Master Day Trading in Just 30 Days: Lesson #3
In this 3rd installment of our day trading training series, we will briefly switch to something a bit more practical instead of just lecturing on the basics. One of the reasons we’re throwing this practical portion in here is because it might take you a few days to complete. We will jump back into more theory in the next lesson.
If you are a beginner, it is important that you get this done, even though it will most likely bore you to tears. A side benefit of this exercise is that it is the perfect preparation for the realization you will eventually arrive at after you’ve been trading for a while — the realization that the act of trading itself is very boring, and that it’s the hunt for the right trade that can be more stimulating.
Your goal for this practical portion of the class is to execute 100 trades on your simulator over the next week or so. By doing this you will accomplish the following:
- Increase your comfort level with your selected trading platform.

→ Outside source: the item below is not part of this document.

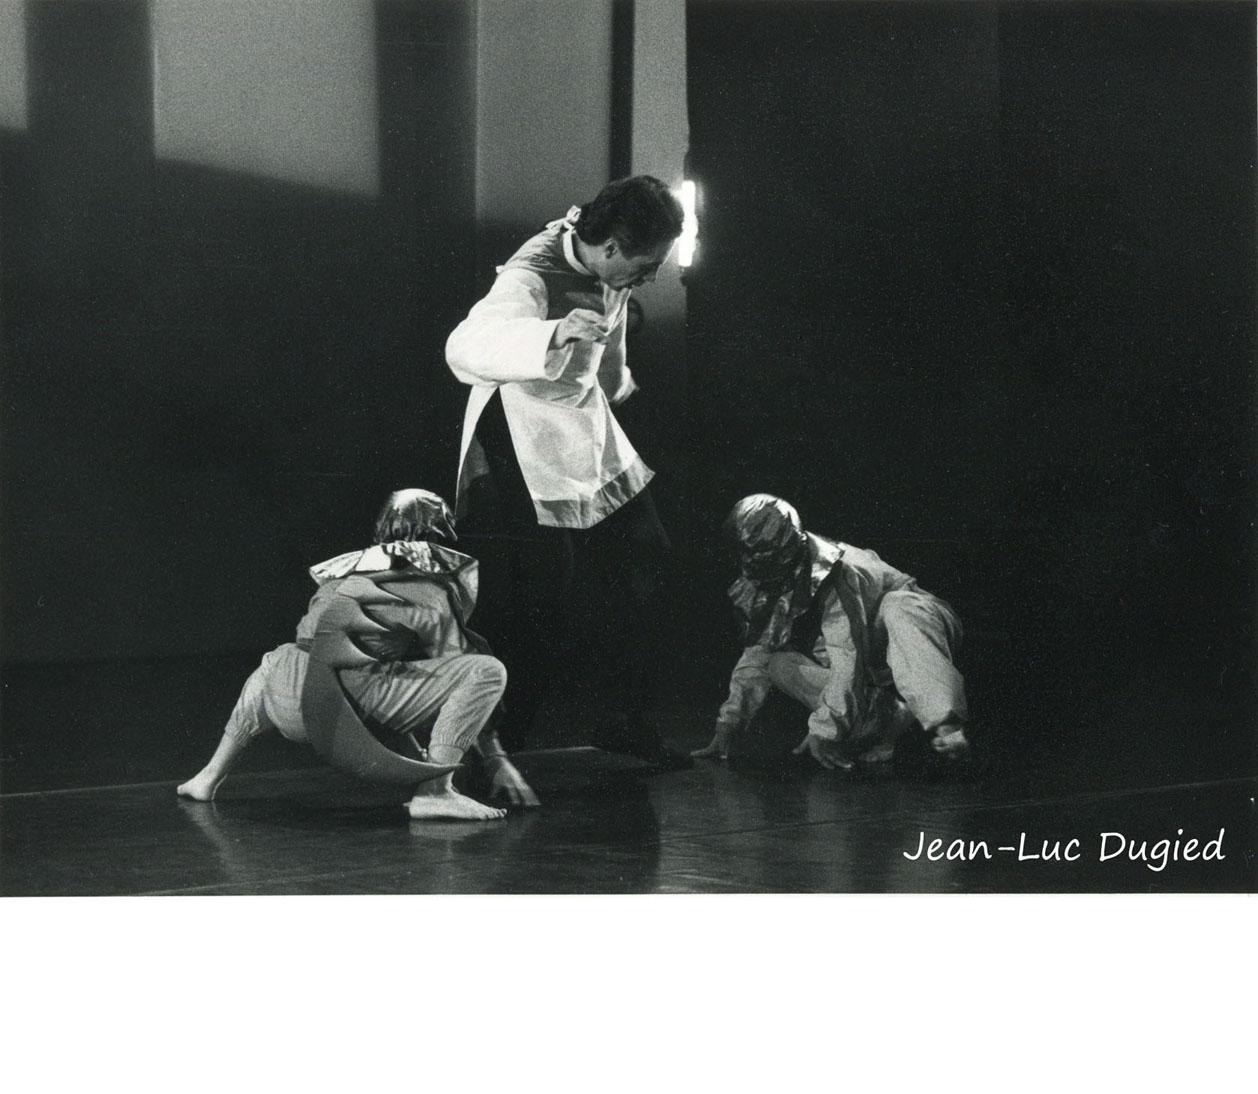 44 Witzman-Anaya Alejandro - 2010 personnages à danser - 1988

- Learn to quickly enter different types of orders, without having to stop and think about how to do it and what it means.

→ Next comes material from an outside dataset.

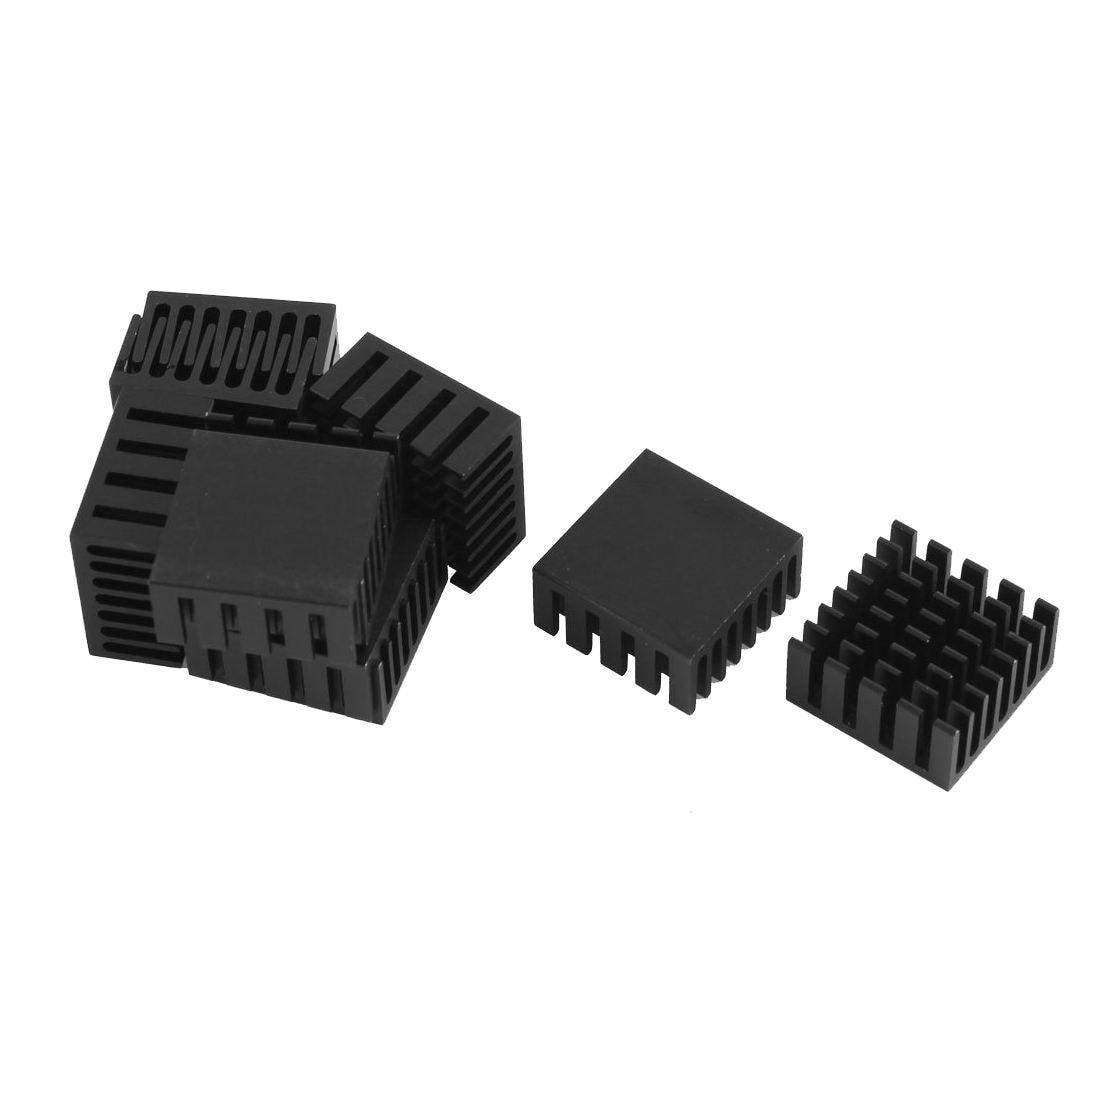 10 Pcs Black Aluminum Cooler Radiator Heat Sink Heatsink 20mm x 20mm x 10mm 2 x b ddr ddr2 ram memory cooler heat spreader heatsink z09 drop ship

- Start on the road to mastering looking at the charts, while simultaneously executing a trade.
- Start to internalize the rhythms of a single market.
We will help you set up your environment for this practical in this lesson and then discuss the actual trades to be used in lesson #4 (the next lesson). We will provide a chart layout and discuss the types of trades you should make including entry, exit and stops. These will be PRACTICE trades in your trading SIMULATOR, with the goal of achieving the four items outlined above.

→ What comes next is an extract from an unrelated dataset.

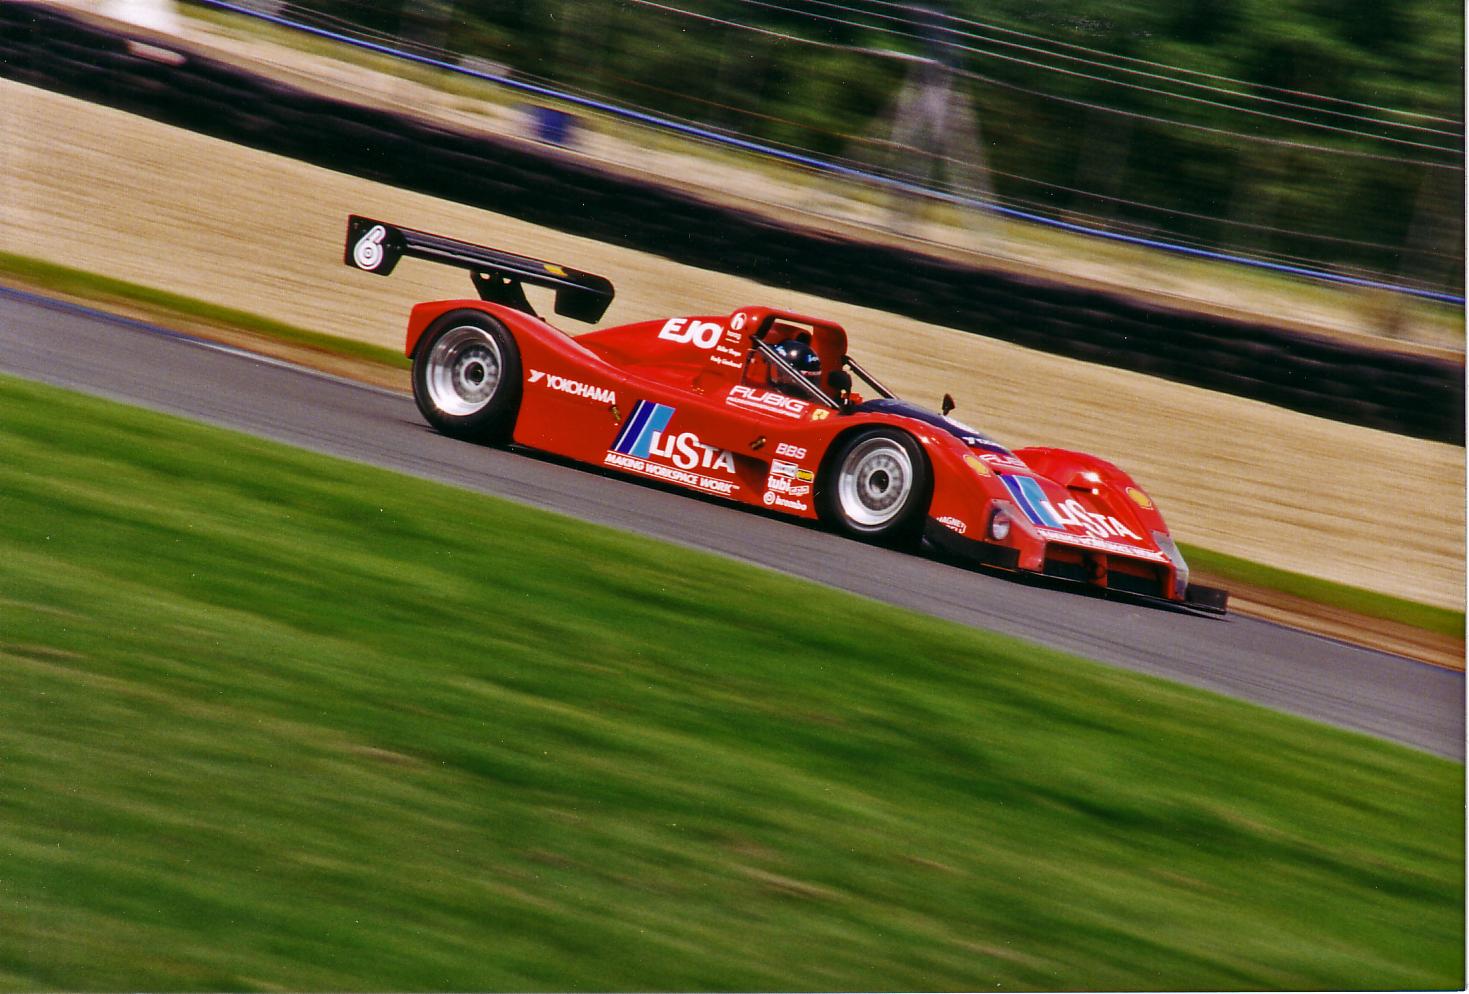 Filehorag Hotz Ferrari 333 Spjpg Wikimedia Commons

However, before we explain how you will go about completing this practicum, let us start with an explanation of the four primary order types that you will be working with.
The Four Basic Order Types
Regardless of whether you are trading stocks, futures, or Forex, there are four basic order types that we find ourselves using on a regular basis.
Market Orders: This is the most common order type. It allows you to get in and out of your trades immediately at the current bid/offers. There was a time when we would hesitate to use market orders because of liquidity issues, but we’ve found that these days, in most large cap stocks and liquid futures markets, using market orders don’t really cost you that much in slippage, especially if you’re targeting a larger profit than just a quick scalp.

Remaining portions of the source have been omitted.